The stainless stock I has was 60mm diameter and as the actual chamber is only 26mm in diameter there was quite a bit to take off. The reason I got such a big piece was that we weren't sure how big to make the flange. As it turns out the flange doesn't need to be very big if we have a radial o-ring instead of a gasket/face seal. This design also saves weight. I was tempted to go with a design that diffident have any flange, only radial bolts to secure the thing, but because it is already so small a flange is really the only way we are going to be able to mount the engine to the vehicle. We are going back to top injection because on the vehicle we can just have a hole on the mounting bracket for the line to go through.

One issue I had was trying to cut the divergence for the nozzle. For brass and aluminium I use a special tool I made which has the divergence profile in it. It is made from soft steel and was not able to cut the stainless. What I really need is a tapered reamer however I have not been able to find one with the right angle. The other option is to get a big piece of tool steel and remake the tool.

Because I wasn't able to cut the divergence I thought it was pointless continuing on the new thruster as machining the 60mm stock to 26m is allot of work. I am looking for a tapered reamer which might take a while to get here. In the mean time I can get some smaller stock.

We still need to test a long duration firing so we can start work on the vehicle. Because we wont have the stainless thruster for a while we will need to make do with the brass one. I modified the test stand so it could be used with the load cell and drilled a hole at the bottom of the chamber so we could insert a pressure tap and measure chamber pressure. Hopefully this weekend we can do a 30 second firing and get good pressure and thrust data. The throat is currently 6mm which is a bit small for 100N so we might not get as much thrust as I wanted. The peroxide propulsion spreadsheet says 8mm but that's with a much lower feed pressure so we will see.

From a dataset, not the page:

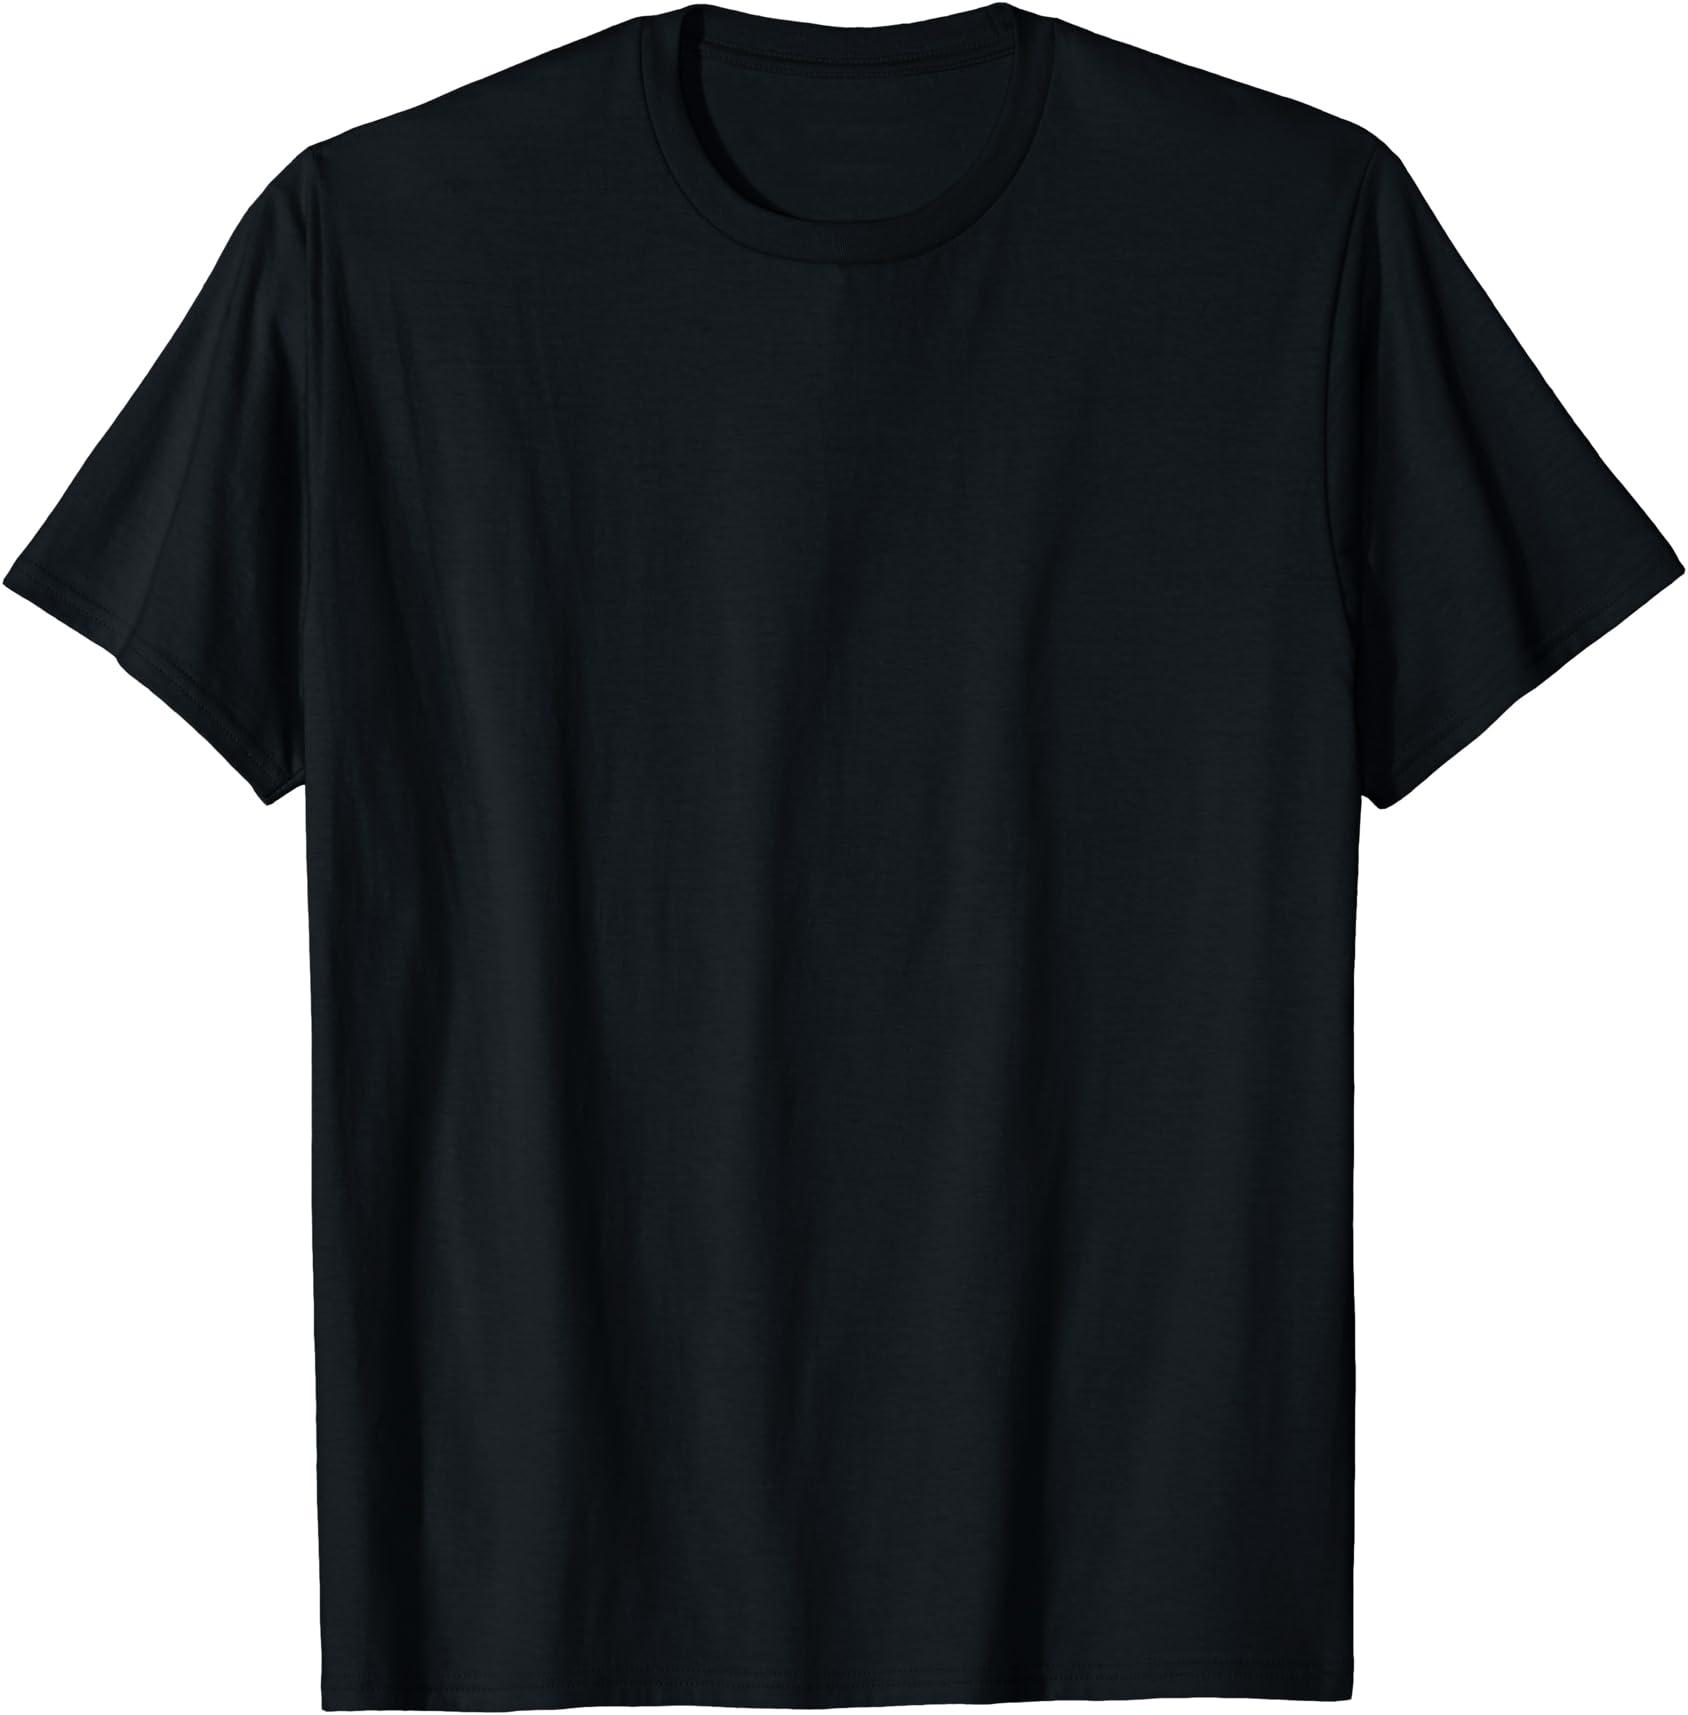 SEASHELLS BY THE SEASHORE Beach Art Adult T-Shirt All Sizes

Simulator progress is going well. I have added in joystick functionality so I can command roll with it. I dident realise it before but the way the control is now the roll pitch PID's each only controll one thruster. This means that it is able to stabilise only using two thrusters but the system response is coupled so you cant have pure roll and pitch. This also seems to also induce a yaw.  One way to fix this would be for the output of the pitch and roll to be a torque which I could then convert to a thruster input.